Principle:Norrrrrrr lyn WAInjectBench Checkpoint Export
| Knowledge Sources | |
|---|---|
| Domains | Model_Management, Deep_Learning |
| Last Updated | 2026-02-14 16:00 GMT |
Overview
A model persistence strategy that serializes the complete training state (model weights, optimizer state, training metadata) to a checkpoint file for resumable training and deployment.
Description
Checkpoint Export saves a comprehensive snapshot of the training state using torch.save. The saved dictionary includes:
- model_state: The full model state dict (including LoRA weights)

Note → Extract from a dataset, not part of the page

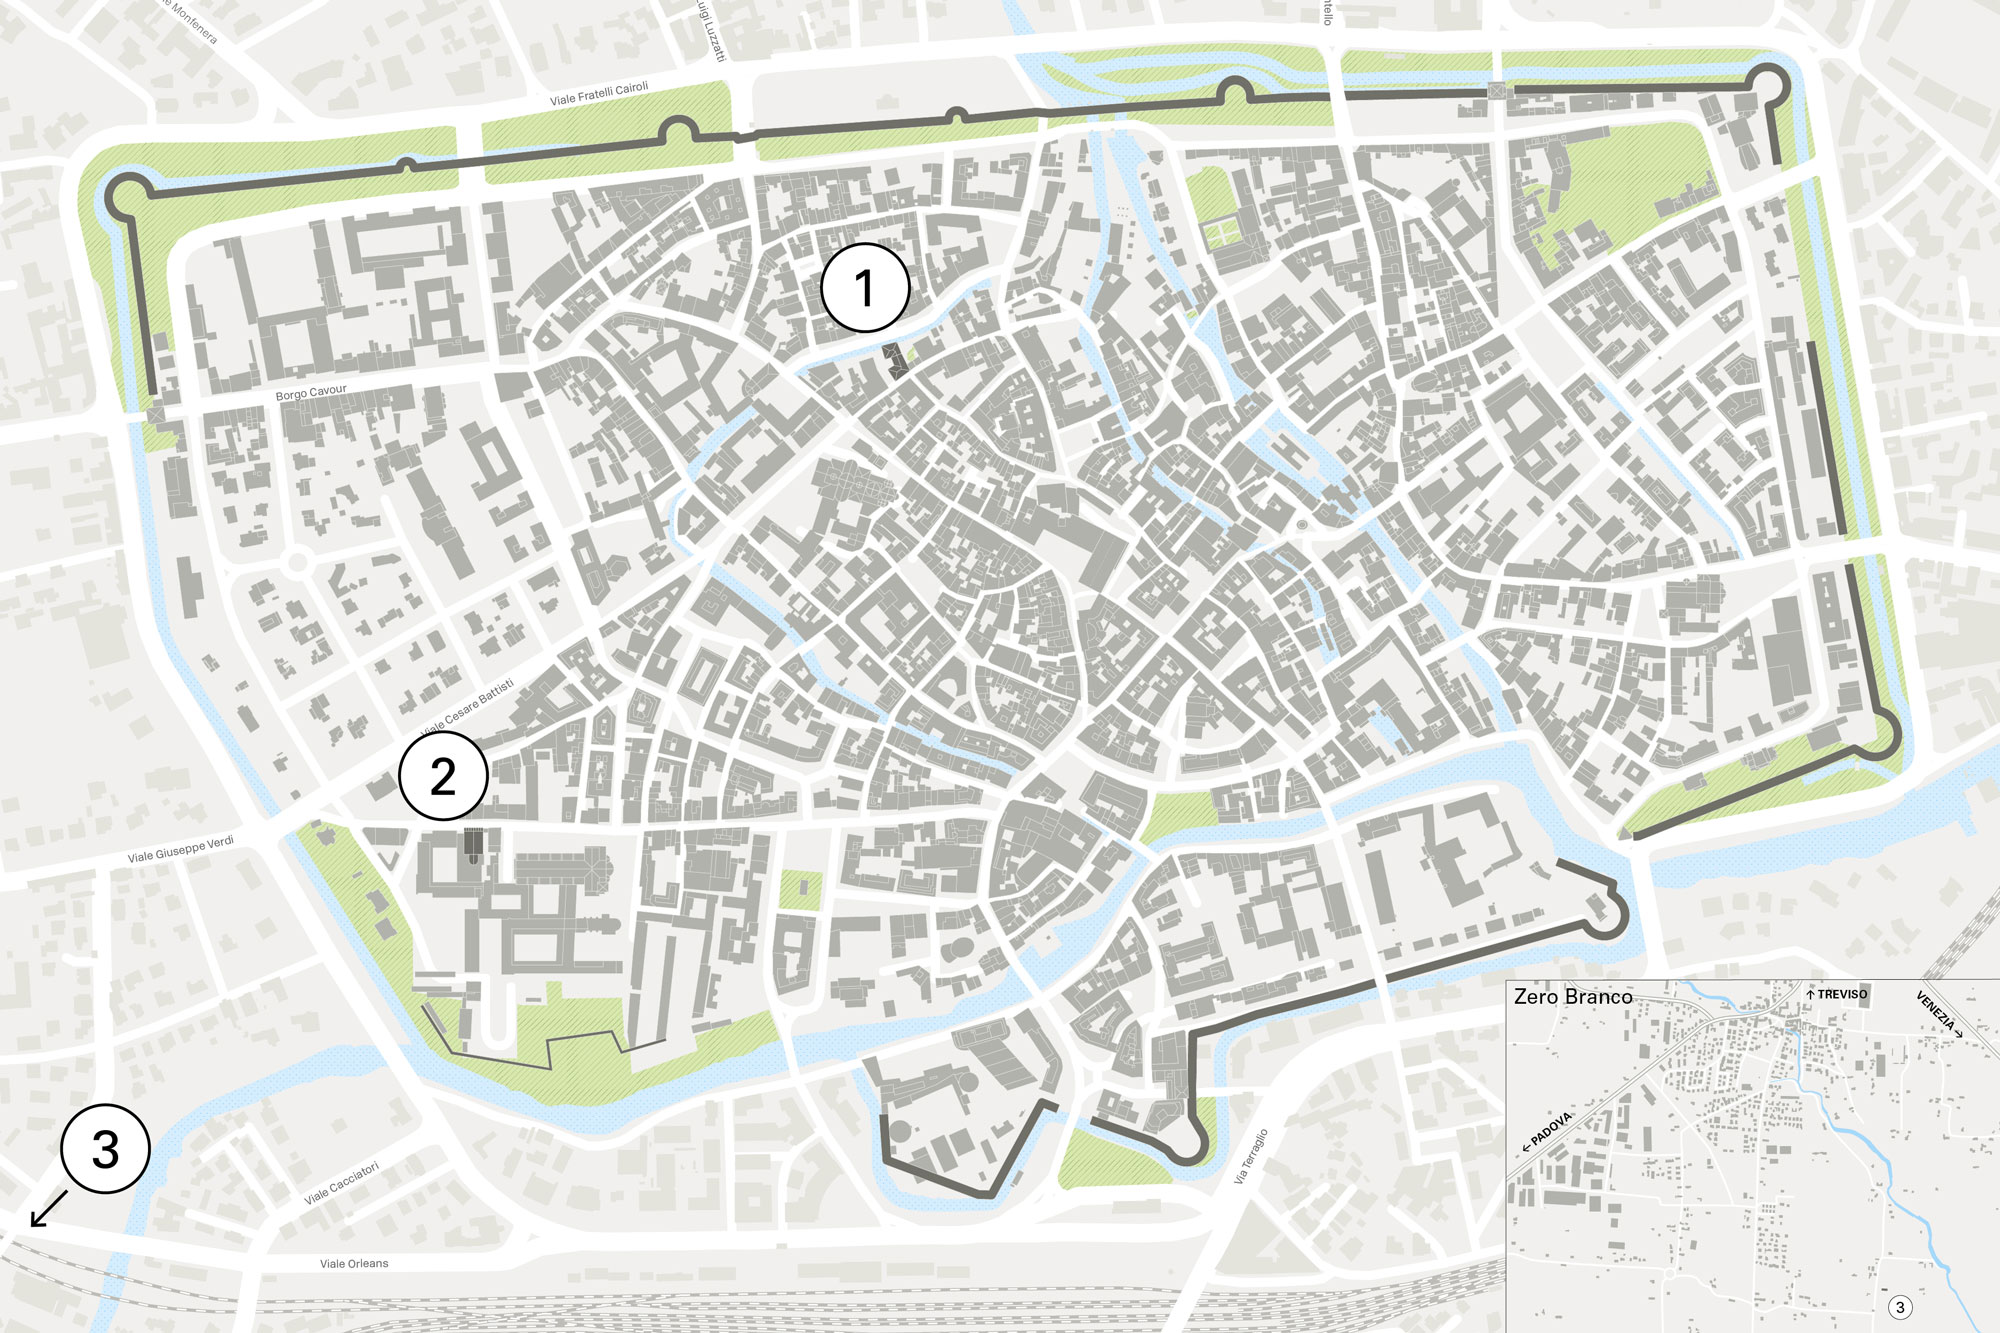 Culturae - Mappa di Treviso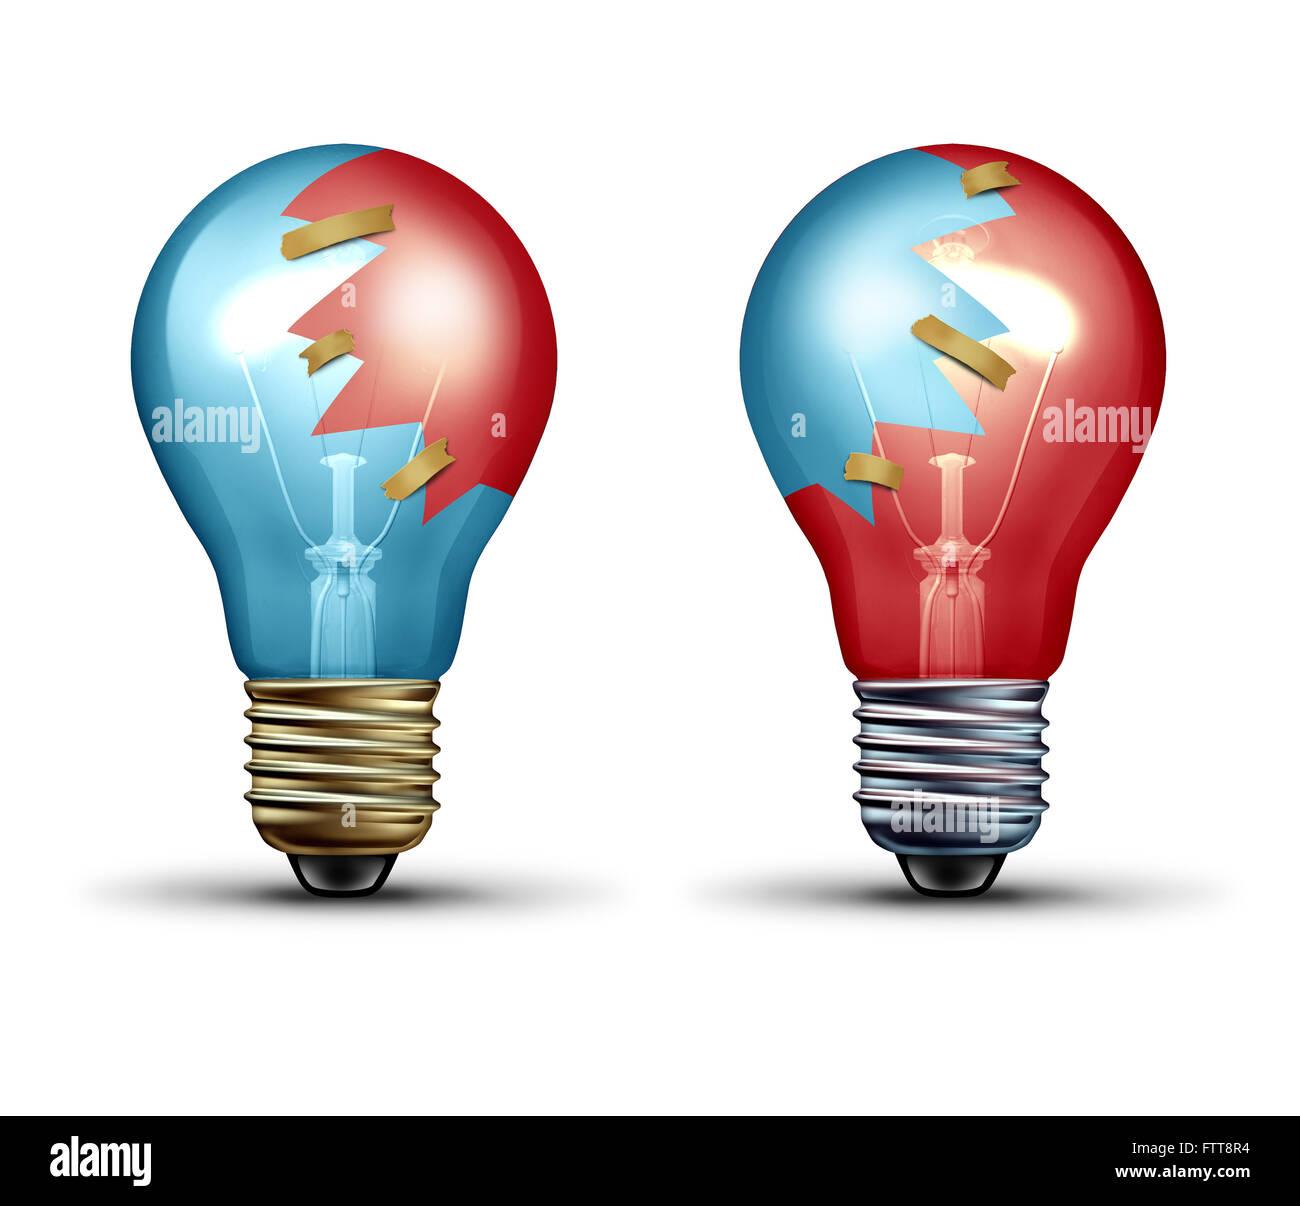 Idee-Trade-Konzept als zwei Glühbirnen oder Glühbirne Symbole mit gemeinsam genutzten Glasscheiben als Stockbild

- optimizer_state: Optimizer momentum/variance buffers for training resumption
- epoch: The epoch number when this checkpoint was saved
- best_tpr: The validation TPR that triggered saving
- amp_enabled/amp_dtype: AMP configuration for reproducible inference
The checkpoint filename encodes the epoch and TPR for easy identification of the best model.
Usage
Use this when a new best TPR is achieved during validation. The saved checkpoint can be loaded for inference by the detector_image/llava.py module or for continued training.
Theoretical Basis
# Checkpoint save pattern
checkpoint = {
"epoch": current_epoch,
"model_state": model.state_dict(),
"optimizer_state": optimizer.state_dict(),
"best_metric": best_metric_value,
"training_config": config_dict,
}
torch.save(checkpoint, path)
# Load: checkpoint = torch.load(path); model.load_state_dict(checkpoint["model_state"])